The universe is filled with mind-boggling dichotomies. Some of these dichotomies are argument-fueling, others are peace-inducing, handfuls of them exist without anyone really ever understanding why. And more often than not, should can be found floating around all of them.

Please don’t misunderstand, I believe in the positive “should.
I believe that for the sake of my well-being and overall health and balance in life, I should:

– Drink enough water.
– Have somewhat of an idea about, and make plans for where I want to be in my future life and how I want to get there.

I also believe in the common sense should, in the sense that I think all people should:

– Use their blinkers when they drive.
– Agree to start school days later, when the human brain is naturally more awake, and when multiple age groups’ natural sleep cycles are acknowledged.

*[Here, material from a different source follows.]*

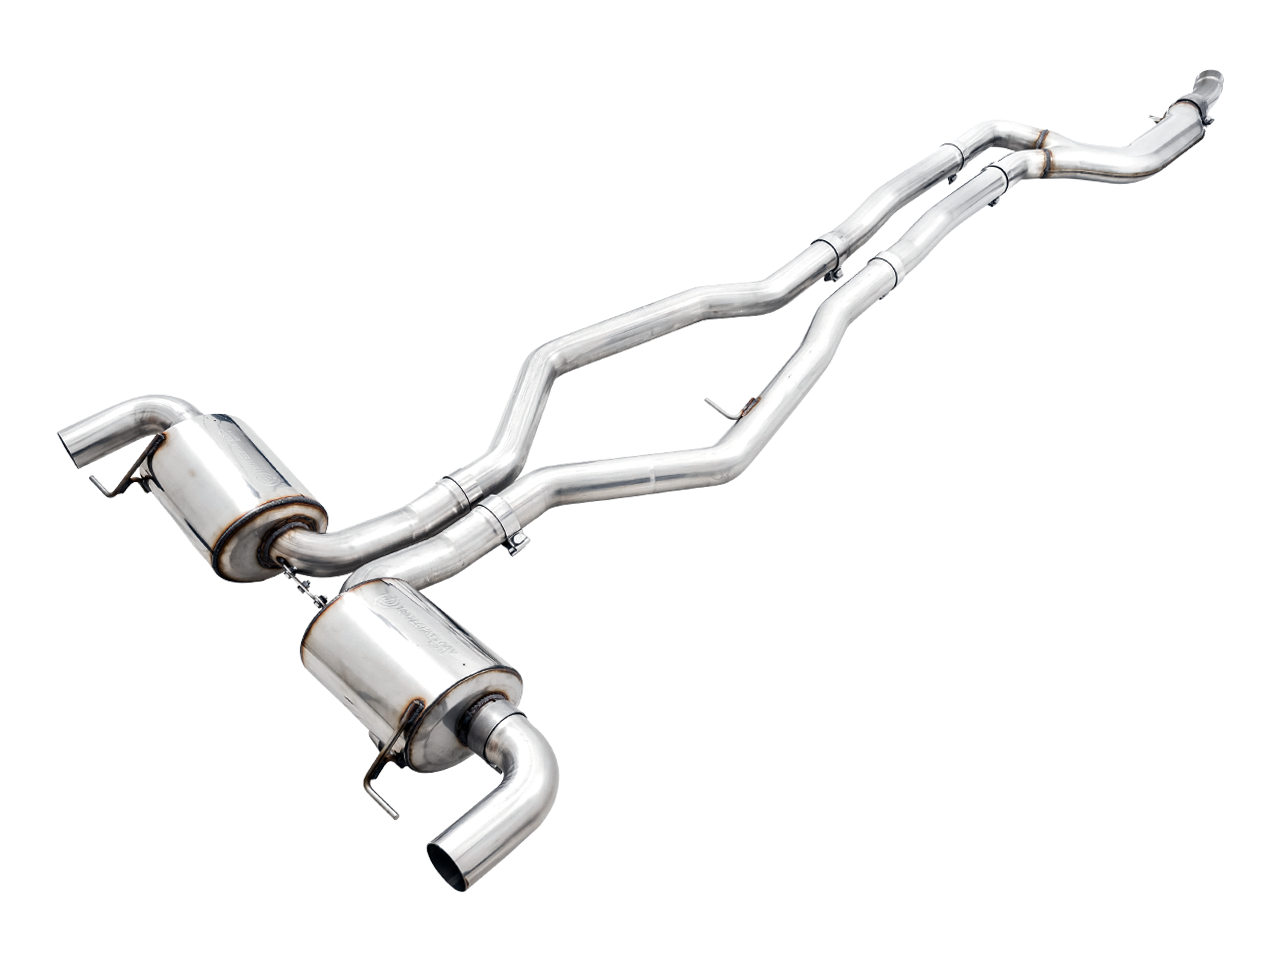 3015-11058  AWE Tuning Exhaust Suite for BMW G20 M340i – UroTuning

My opinion is obviously one of billions, and of course I’m not the authoritative voice on anything, nor do I want to tell anyone how to live their life. Which leads me to my most important point: should can be toxic. Toxic in a personal sense, a professional sense, a societal sense. Toxic mentally, emotionally, physically, psychologically. Toxic to all ages and all life decisions. Should appears in our lives almost immediately, and it sticks around as part of a fluid, occasionally vicious cycle that will never end so long as we are human. All of the lessons we learn as we go through life have a unique and important flip side to them – and just because we believe something should be one way, doesn’t mean that one way is the be-all, end-all until the world ends. Take the stages of life, for example:

– Little kids should share their toys – but boys shouldn’t be taught that they can’t play with dolls, and girls shouldn’t be taught that they can’t play with dinosaurs.
– Tweens and teens should be involved in multiple activities in and out of school, but twelve-year-olds shouldn’t be having panic attacks over college acceptances.
– College students should be realistic and seek solid ways to support themselves financially – but they shouldn’t be discouraged from pursuing something they are passionate about (especially the arts, because creative and expressive outlets are VITAL to self-care and mental/emotional health).
– Once we get out into the real world, we should be wondering what’s going to happen next in our life – but we shouldn’t feel that there is a certain path we should be taking in order to guarantee the most success.

See? Should permeates our lives at multiple depths. And if the above examples are a touch too heavy to wrap your mind around at this precise moment, here are some others that may be more relatable:

– I should go running after work today.
– I should have a date/plans tonight.
– I should be so much more successful by now.
– I should be taking more risks.

There are so many times when I catch myself thinking I should do this, I should have said that, or something similar. I am my own worst critic, harshest judge, cheeriest cheerleader, and fiercest advocate, along with so much more, and the shoulds in my life can kill me daily and guilt me into just about anything if I give them the power to. But I do not want to give power to the shoulds. Instead, I want to give power to the desires, the craves, to the tugs on the corner of my soul that encourage me to reach with my palms and heart wide open toward the stuff that’s going to change me.